Я медленно вдыхаю и выдыхаю в попытке вернуть себе самообладание. Ты на море Эмма, у тебя начинается новая жизнь, без указок, без нытья и манипуляций. Только твоя, классная, веселая жизнь. Да, пока всё грустно, но это пройдет.

— Я вручил ему повестку лично. Ты бы видела его лицо! Никогда не забуду, он раздулся весь, как рыба Фугу и всё рот открывал беззвучно. Жаль не сфотографировал, — Давид хохочет в трубку, и я невольно улыбаюсь.

Фугу — это хорошо. Но, говорят, если ее неправильно приготовить, можно встретить свою смерть. Это очень похоже на Марка, как я теперь понимаю. Ядовитый подводный гад.

— Спасибо, Давид. Я твоя должница.

— Забудь, Эмма. Мы же друзья, — улыбается он в трубку и мне становится очень тепло на душе. — Испечешь нам когда-нибудь торт.

Я обещаю ему все торты мира, а потом прощаюсь. Сегодня мне предстоит еще один поход к банкомату. На большее я пока не способна.

.

Местный лифт совсем не добавляет мне хорошего настроения, он старинный, тесный и скрипящий, прямо чудовище какое-то. Причем, форма еще такая странная, не квадрат, а тесный прямоугольник, я таких еще не видела. Каждый раз думаю, дай пешком пойду, а потом ленюсь, да и быстрее все-таки, чем по плохо освещенной лестнице мимо мусоропровода.

И только я предвкушаю, что сейчас выйду из тесной коробки, как прямо на выходе сталкиваюсь со знакомым высоченным мужчиной.

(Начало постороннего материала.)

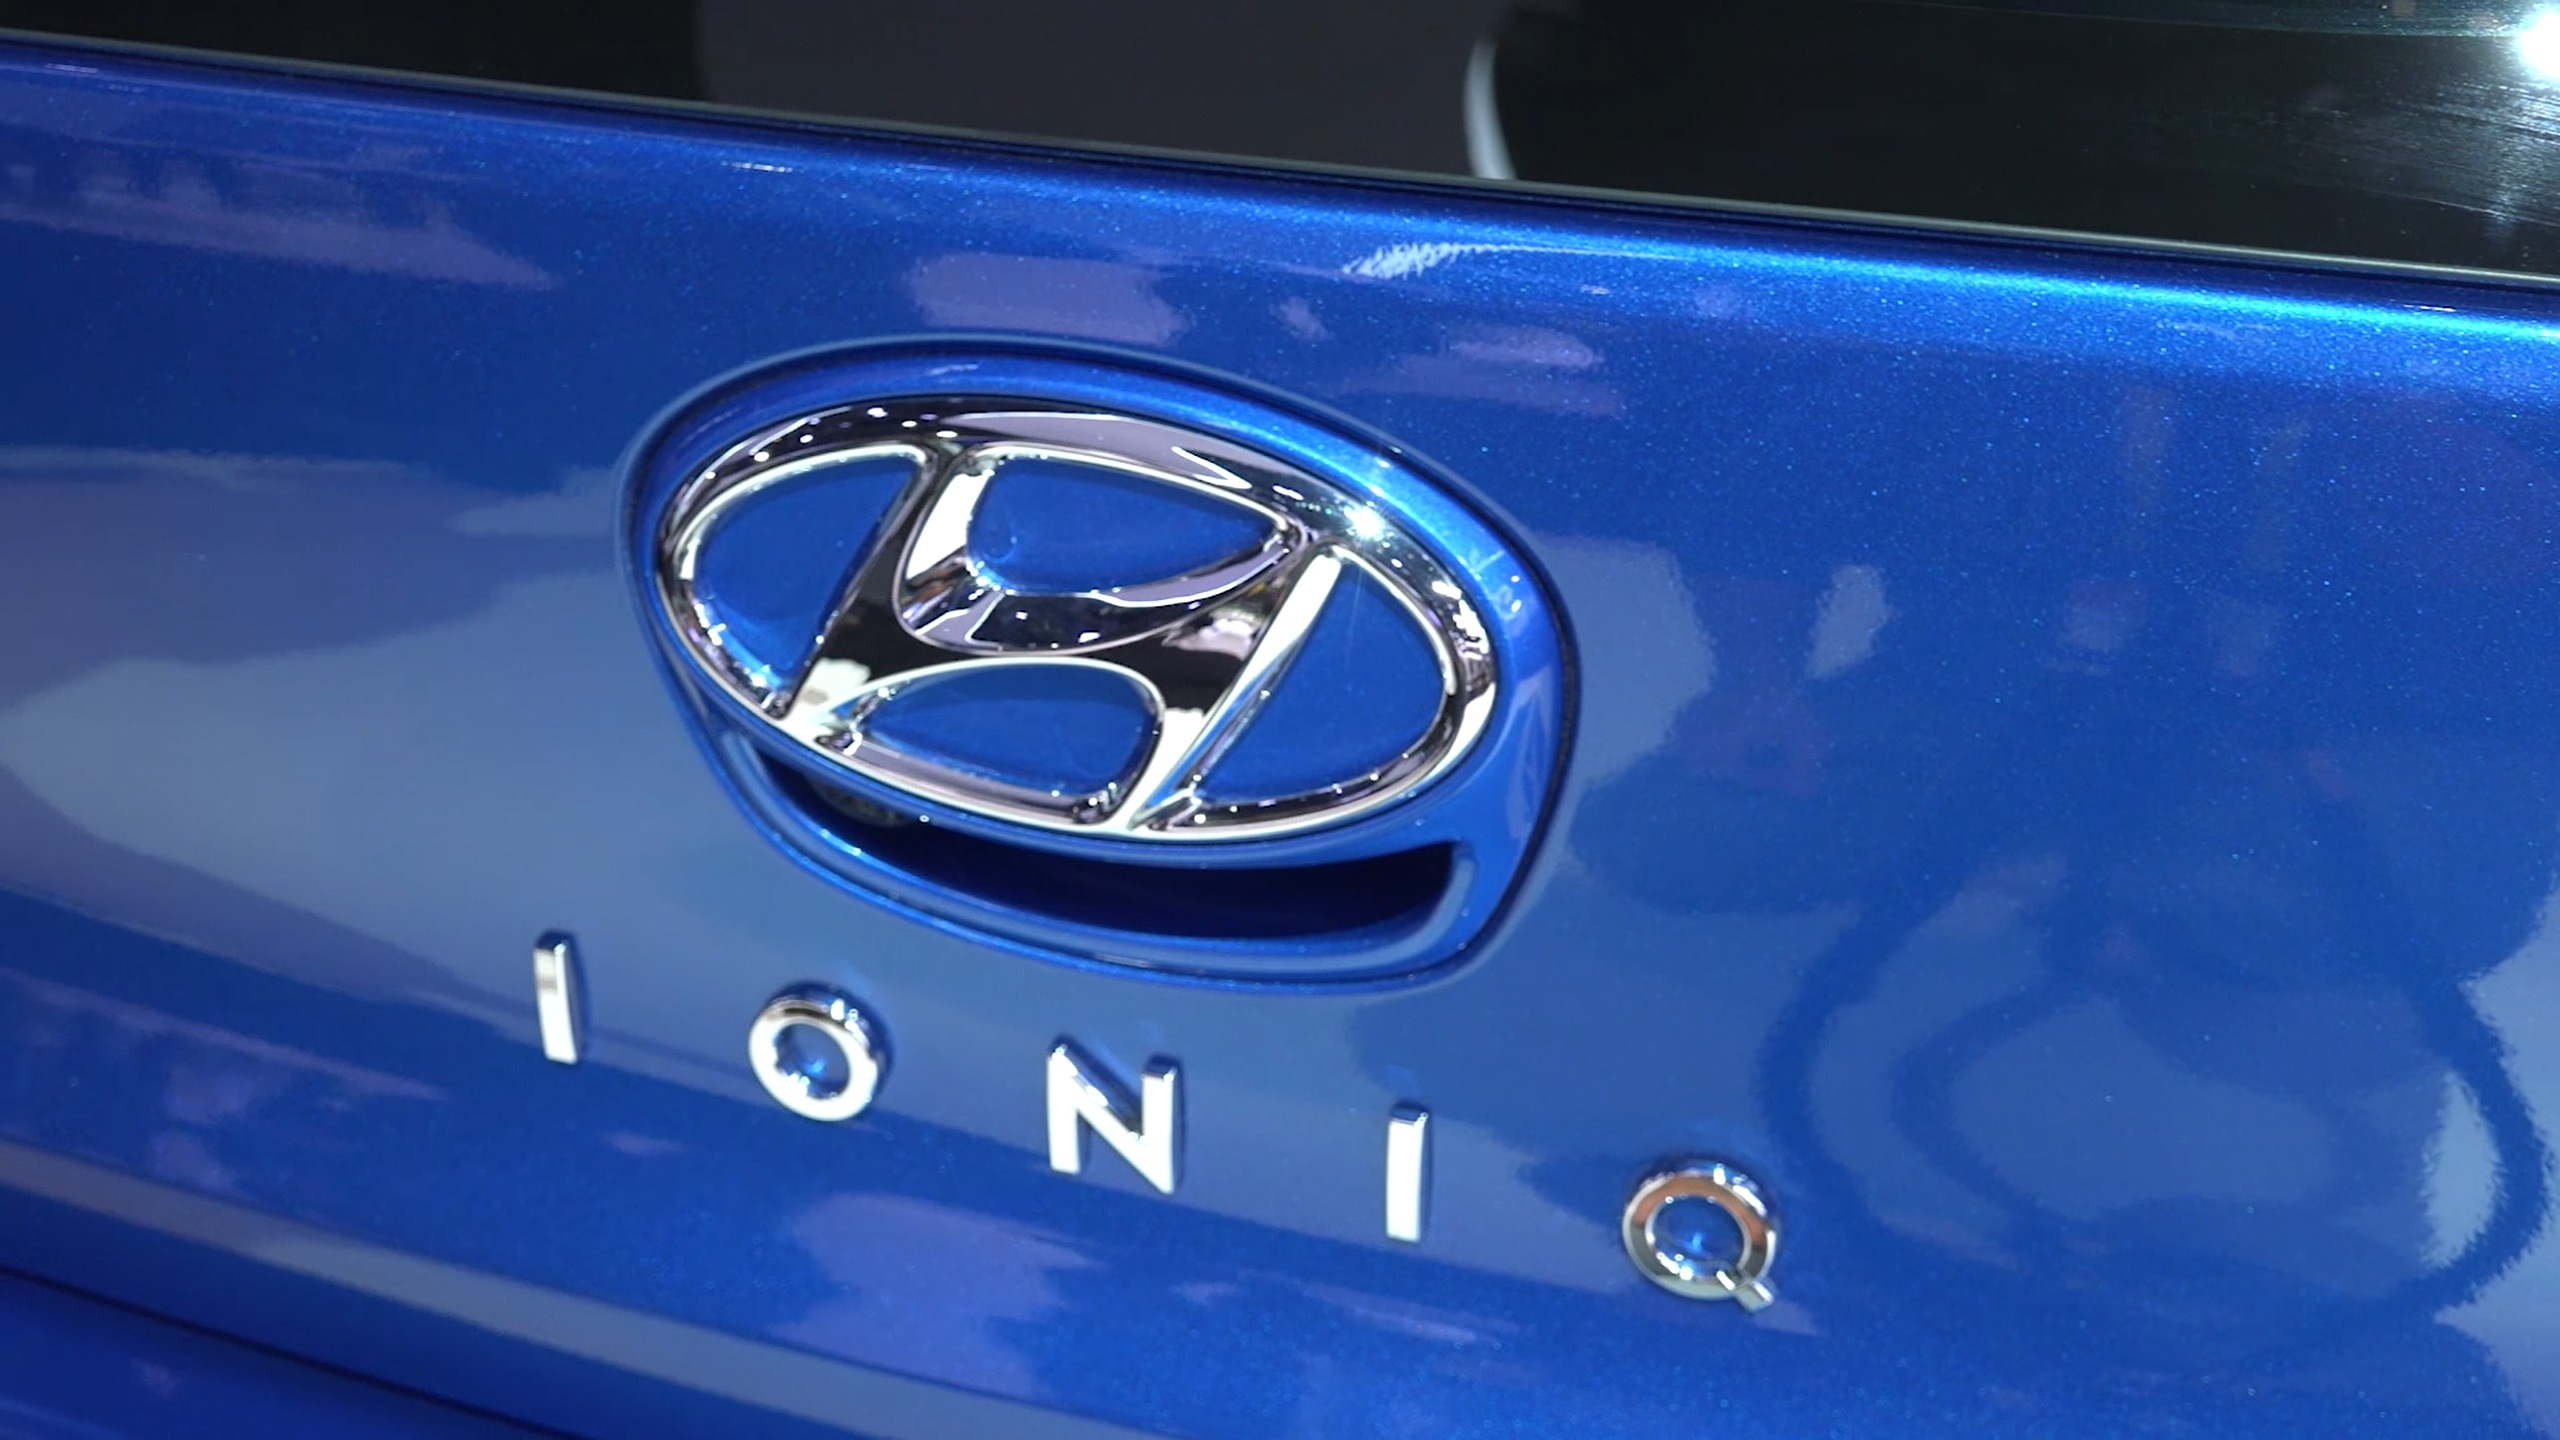 Hyundai IONIQ ön inceleme: Türkiye'ye de geliyor!
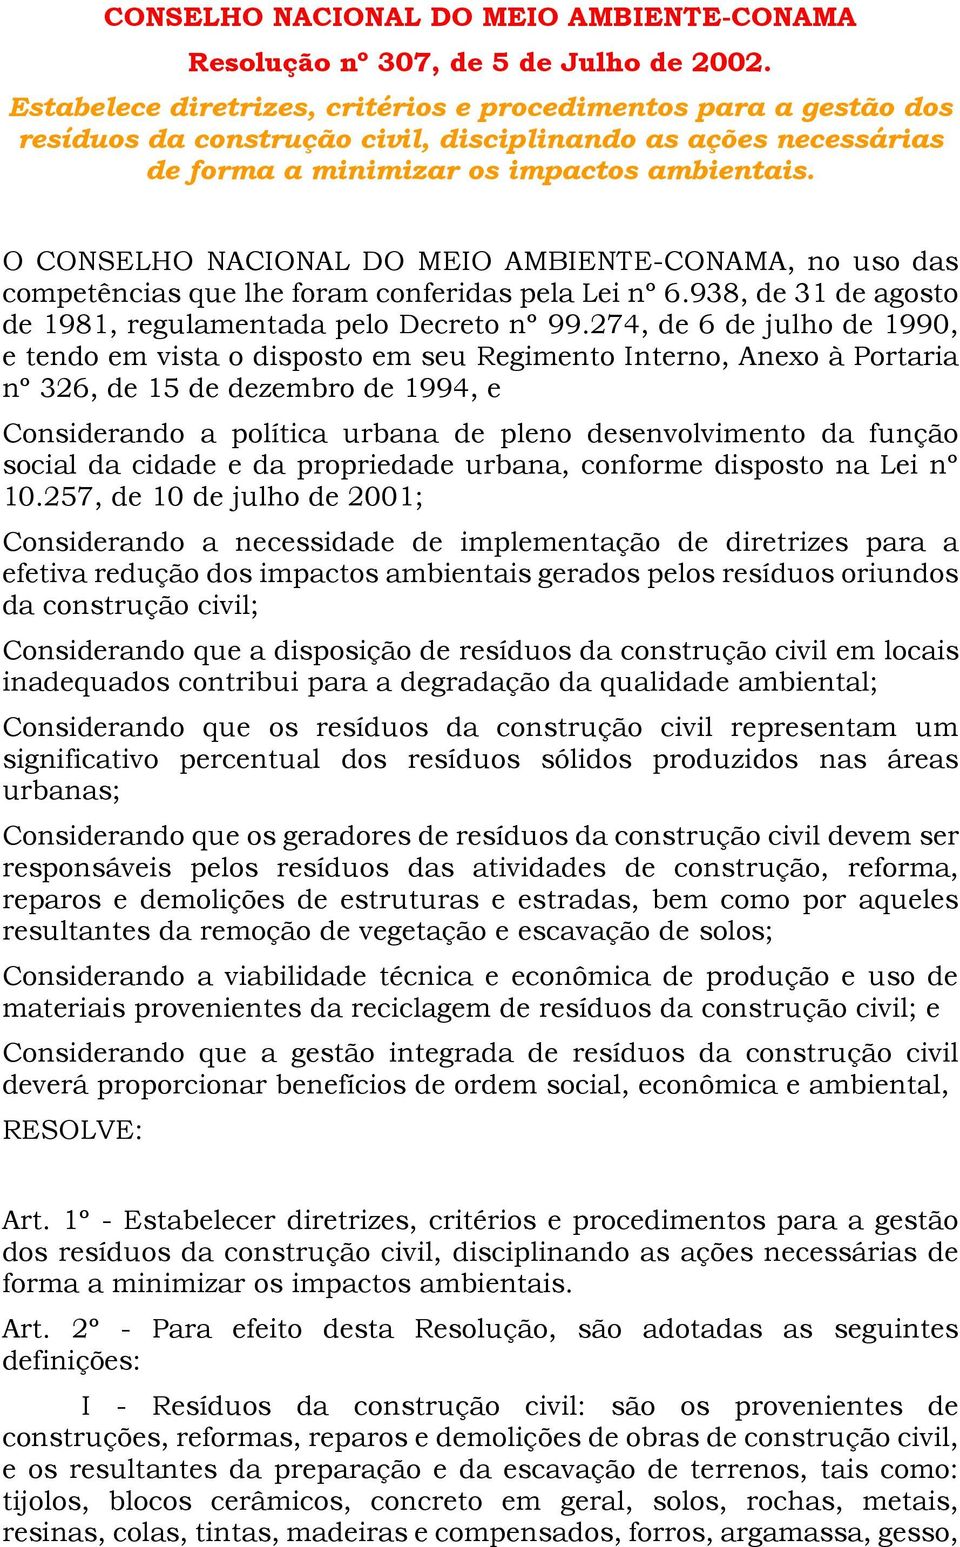 O CONSELHO NACIONAL DO MEIO AMBIENTE-CONAMA, no uso das competências que lhe foram conferidas pela Lei nº 6.938, de 31 de agosto de 1981, regulamentada pelo Decreto nº 99.

Ни кто иной, как знаковый дровосек, преграждает мне дорогу. Почему я вдруг стала его так называть? Он ведь довольно симпатичный, если глаза открыть, не тянет на железного дровосека из сказки.

— День добрый, Егор. По-моему, у нас с вами привычка сталкиваться, — примирительно говорю я и выдаю подобие улыбки.